The transfer of most assets in Vietnam is subject to VAT, the standard rate of which is 10%. There are no specific provisions in Vietnam related to the transfer of a going concern and consequent favourable VAT treatment, but if goods are being exported to another country, these might be free from a VAT burden in Vietnam, although might still be subject to the TAX of another transit/destination country.

The seller is required to issue VAT invoices for the sale of the assets with VAT added to the sales price and indicated in the invoices issued. The VAT becomes the input VAT of the buyer provided the assets acquired are used in business activities that are subject to VAT if the deduction method is chosen when calculating VAT.
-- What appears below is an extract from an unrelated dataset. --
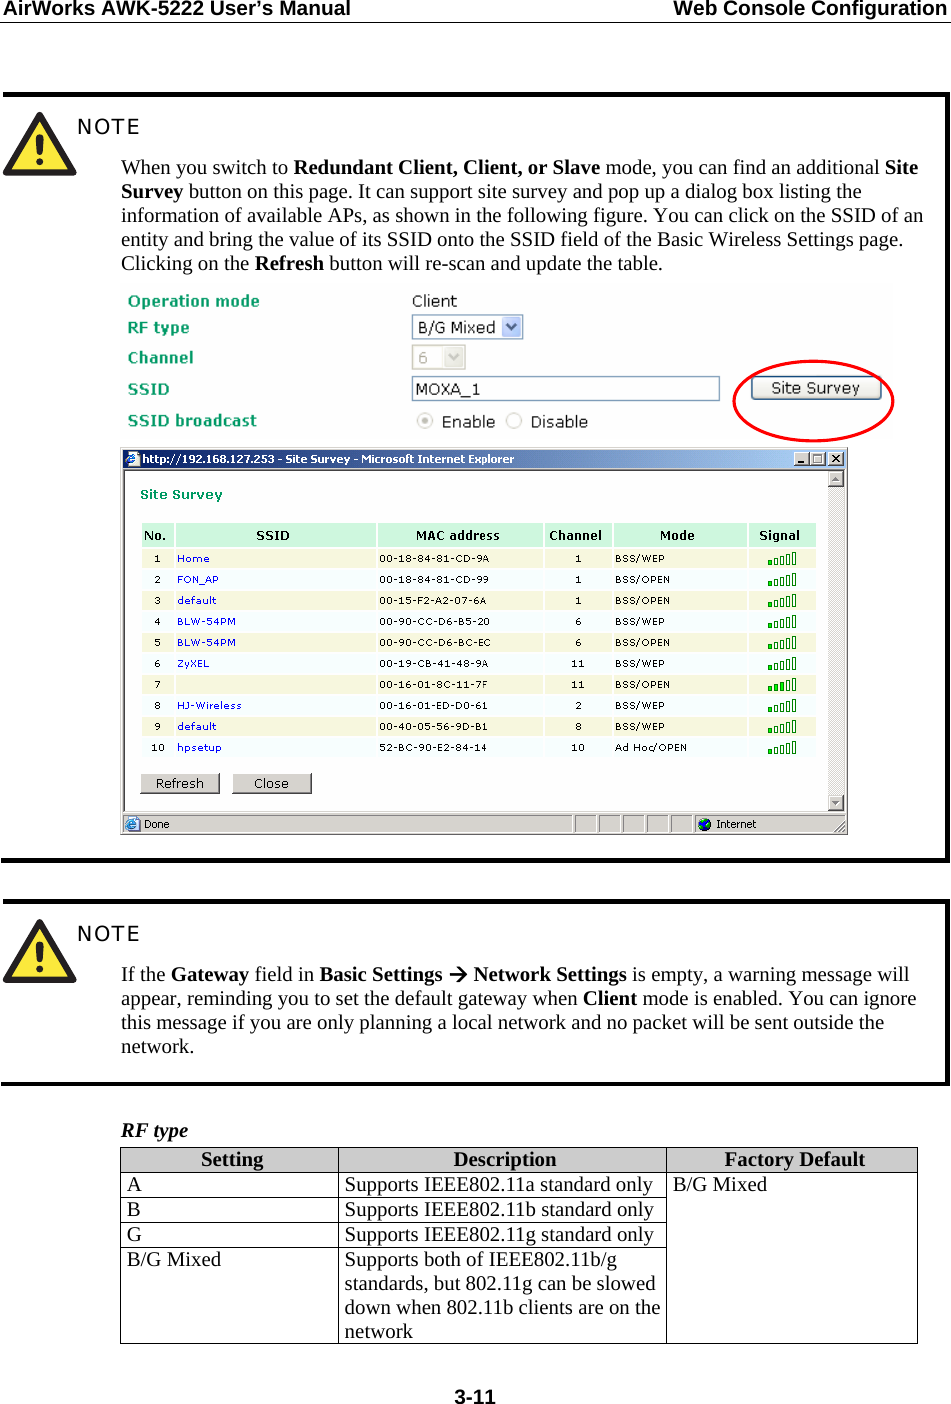 AirWorks AWK-5222 User’s Manual  Web Console Configuration  3-11  NOTE When you switch to Redundant Client, Client, or Slave mode, you can find an additional Site Survey button on this page. It can support site survey and pop up a dialog box listing the information of available APs, as shown in the following figure. You can click on the SSID of an entity and bring the value of its SSID onto the SSID field of the Basic Wireless Settings page. Clicking on the Refresh button will re-scan and update the table.     NOTE If the Gateway field in Basic Settings Æ Network Settings is empty, a warning message will appear, reminding you to set the default gateway when Client mode is enabled. You can ignore this message if you are only planning a local network and no packet will be sent outside the network.  RF type Setting  Description  Factory Default A  Supports IEEE802.11a standard onlyB  Supports IEEE802.11b standard onlyG  Supports IEEE802.11g standard onlyB/G Mixed  Supports both of IEEE802.11b/g standards, but 802.11g can be slowed down when 802.11b clients are on the network B/G Mixed

Business establishments are not required to declare and pay VAT on the following M&A-related transactions:

  • Capital asset contribution for establishing an enterprise;
  • Transfer of assets between dependent accounting units; and
  • Transfer of assets on demerger, division, consolidation, or conversion of form of the enterprise.

3. Asset Registration (Stamp Duty) Fee

Properties are significant (and in the case of foreign owners very complicated) assets subject to an asset registration fee (considered a tax), payable by the newly registered asset owner when assets subject to the asset registration tax are transferred. It is beneficial for locally operating investors that Vietnam differs from many jurisdictions, as it caps asset registration fees, making it relatively less costly if the M&A is more valuable.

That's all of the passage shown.